Meeting Brochure and registration form      SMDM Homepage

Monday, October 22, 2007
P2-12

RECEIVER OPERATING CHARACTERISTIC (ROC) CURVES VERSUS PRECISION-RECALL (PR) CURVES IN MODELS EVALUATED WITH UNBALANCED DATA

Jagpreet Chhatwal, MS, Elizabeth S. Burnside, MD, MPH, MS, and Oguzhan Alagoz, PhD. University of Wisconsin, Madison, WI

Purpose: Receiver operating characteristic (ROC) curves are commonly used to measure the performance of a test (or a model) with a binary outcome. However, area under the ROC curves may lead to over-optimistic results when the test data is unbalanced (i.e. disproportionate number of negative versus positive cases), which is often the case for screening tests such as mammography. Our objective was to compare the discriminative ability of Precision-Recall (PR) curves with ROC curves in measuring the performance of tests applied to unbalanced data.

Methods: We constructed a logistic regression model to assess breast cancer risk and evaluated its performance using area under the nonparametric ROC curves (AROC) and PR curves (APR). Precision and recall are the measure of sensitivity and positive predictive value (PPV) of a test, respectively. We plotted sensitivity (X-axis) versus PPV (Y-axis) at different cut-off points to obtain a PR curve. Our data set consists of 62,219 mammography abnormalities (510 malignant and 61,709 benign) observed by radiologists. We simulated the outcome of the model by adding bias to the probability of cancer for malignant cases. First, we added negative bias (underestimating the probability of cancer) to the malignant cases thus reducing the performance of the model. We measured AROC and APR for various bias values. Secondly, we compared one of the biased risk assessment models (model-1) with the radiologists' prediction of breast cancer as measured by Breast Imaging and Reporting Data Systems (BI-RADS) assessment codes, using both ROC and PR curves.

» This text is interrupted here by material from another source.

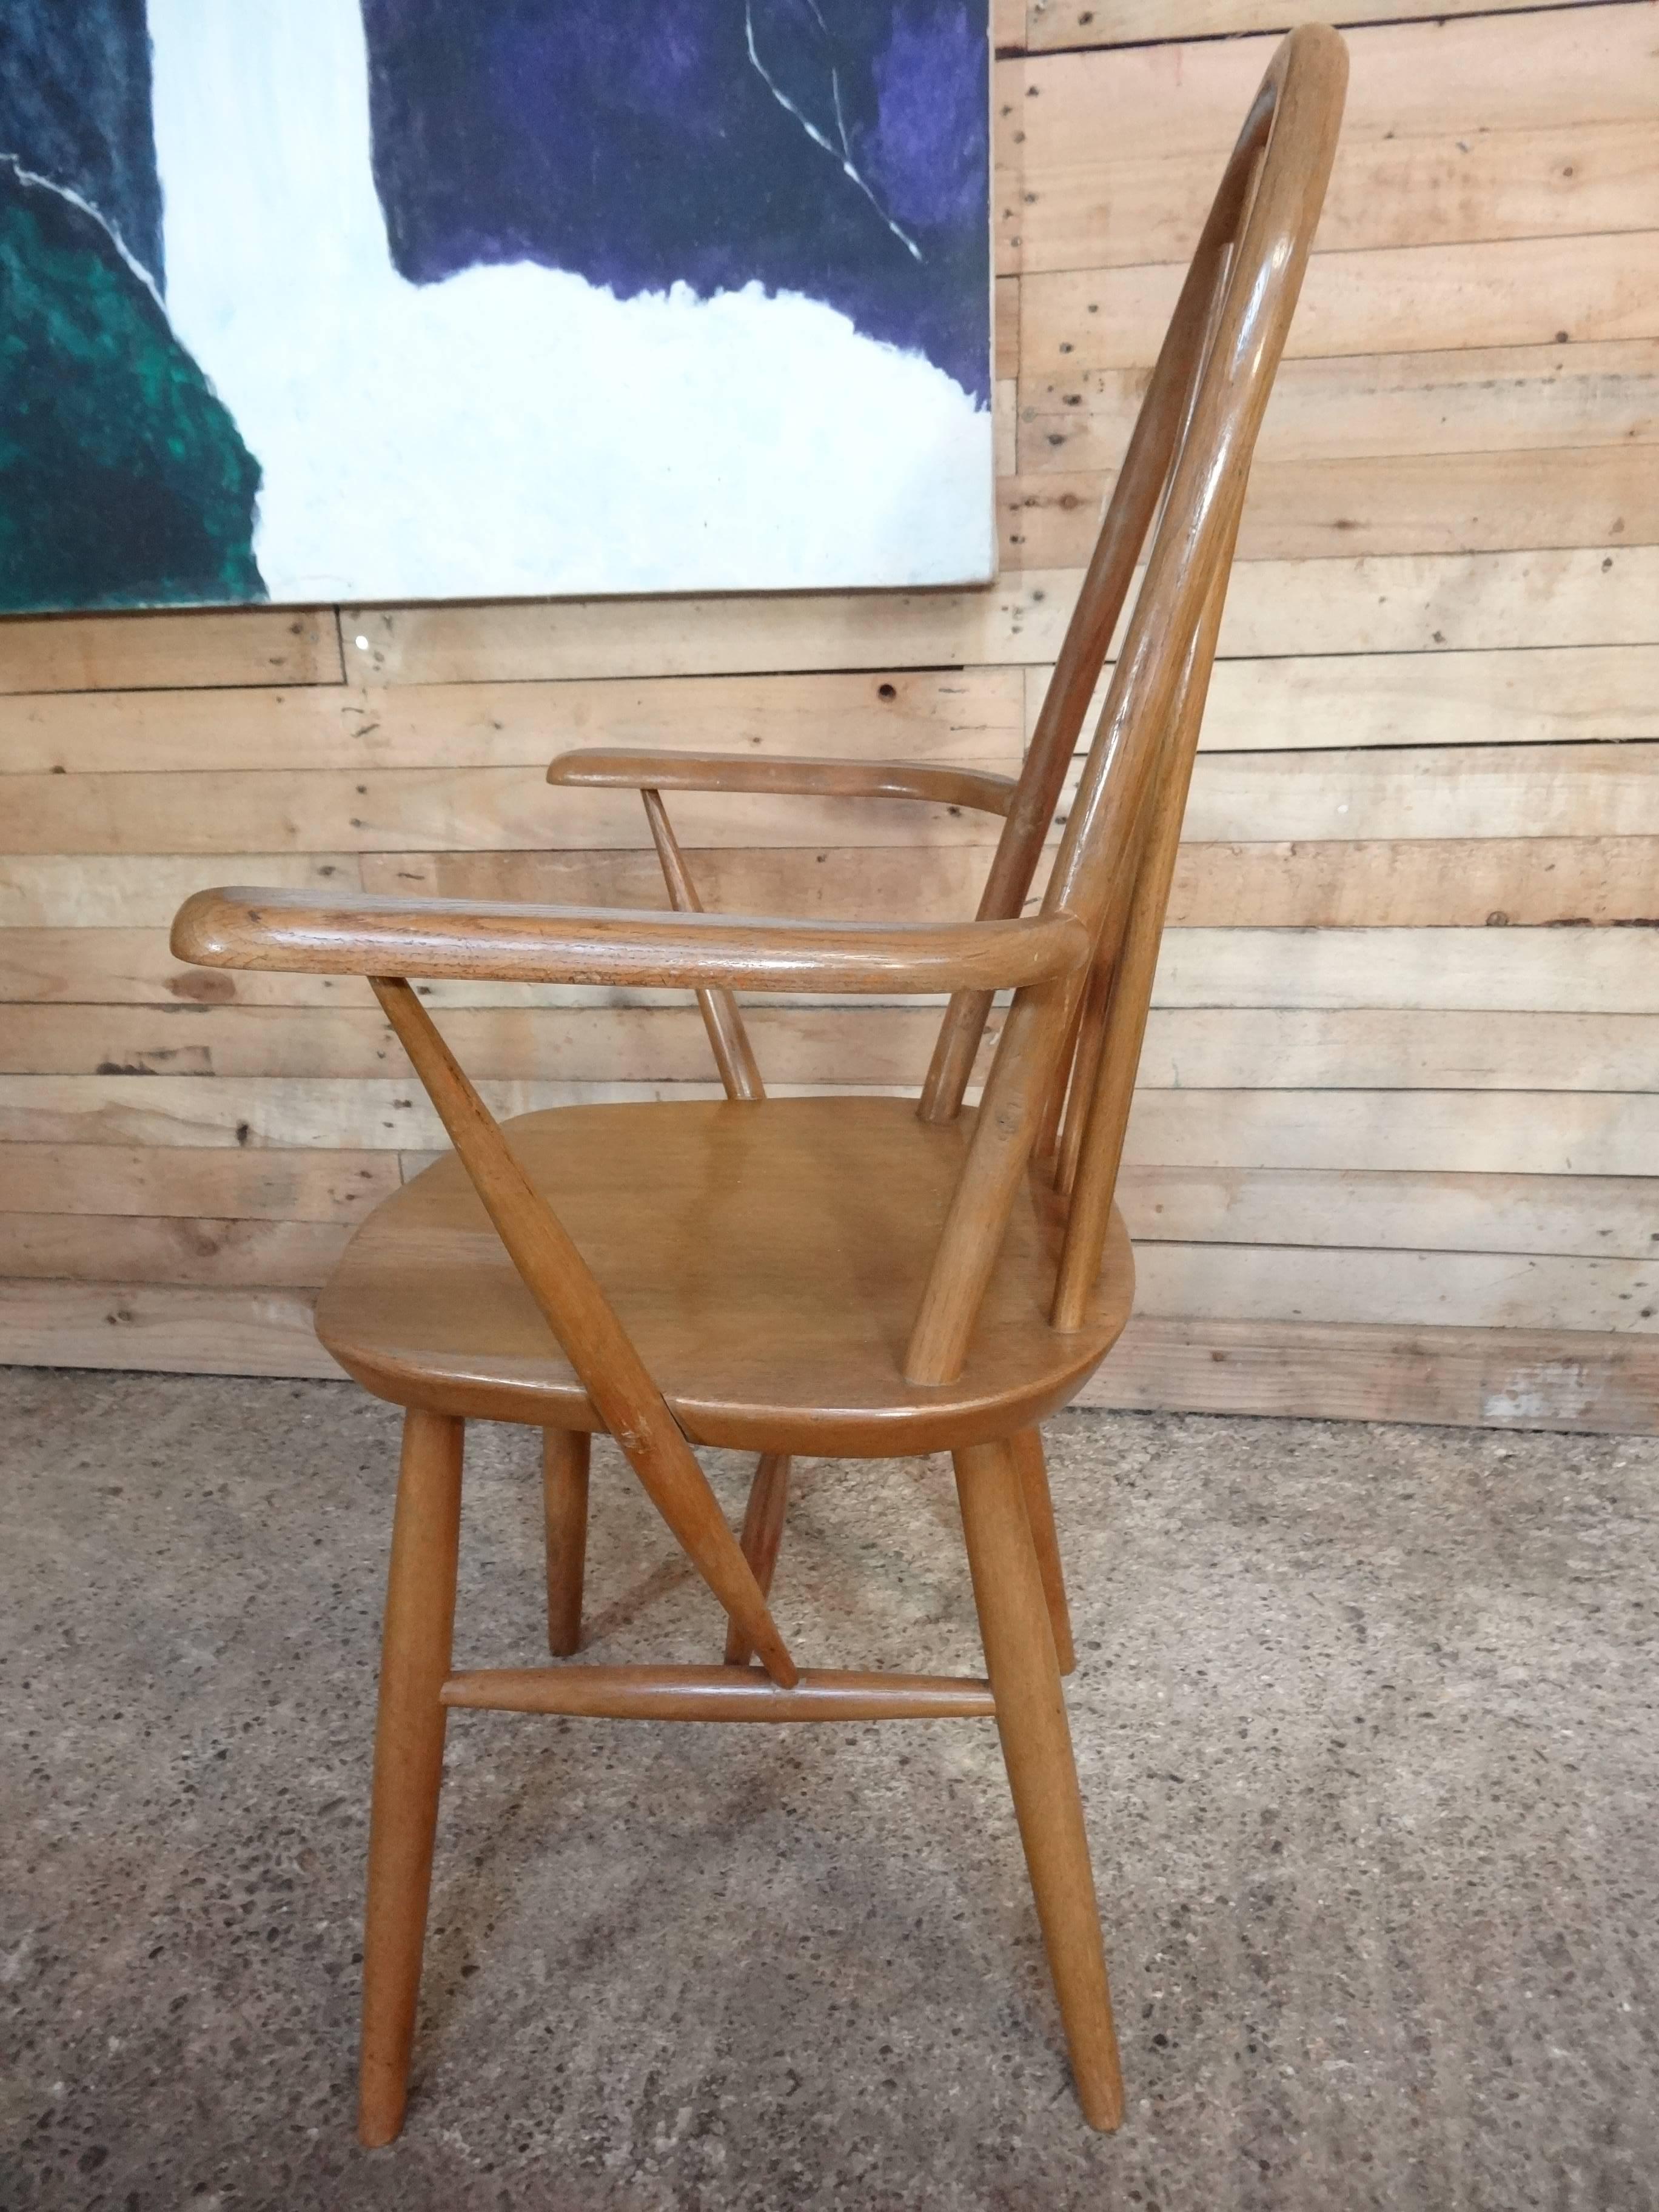 20th century retro vintage wooden armchair or bedroom chair.

Results: As we increased the magnitude of bias, the best and the worst performance as measured by AROC were 0.965 and 0.815, respectively; whereas, the corresponding APR decreased from 0.550 to 0.035 for the same bias values. AROC of radiologists and model-1 were equal to 0.939 and 0.934, showing no statistical difference (p-value = 0.599); whereas, PR curves showed that radiologists (APR = 0.496) performed significantly better (p-value < 0.001) than the model-1 (APR = 0.448).

Conclusions: ROC curves over-estimate the performance of a model when the test data are unbalanced. In contrast, APR avoids this over-estimation and can demonstrate a statistically significant difference between tests, which is not detected by AROC.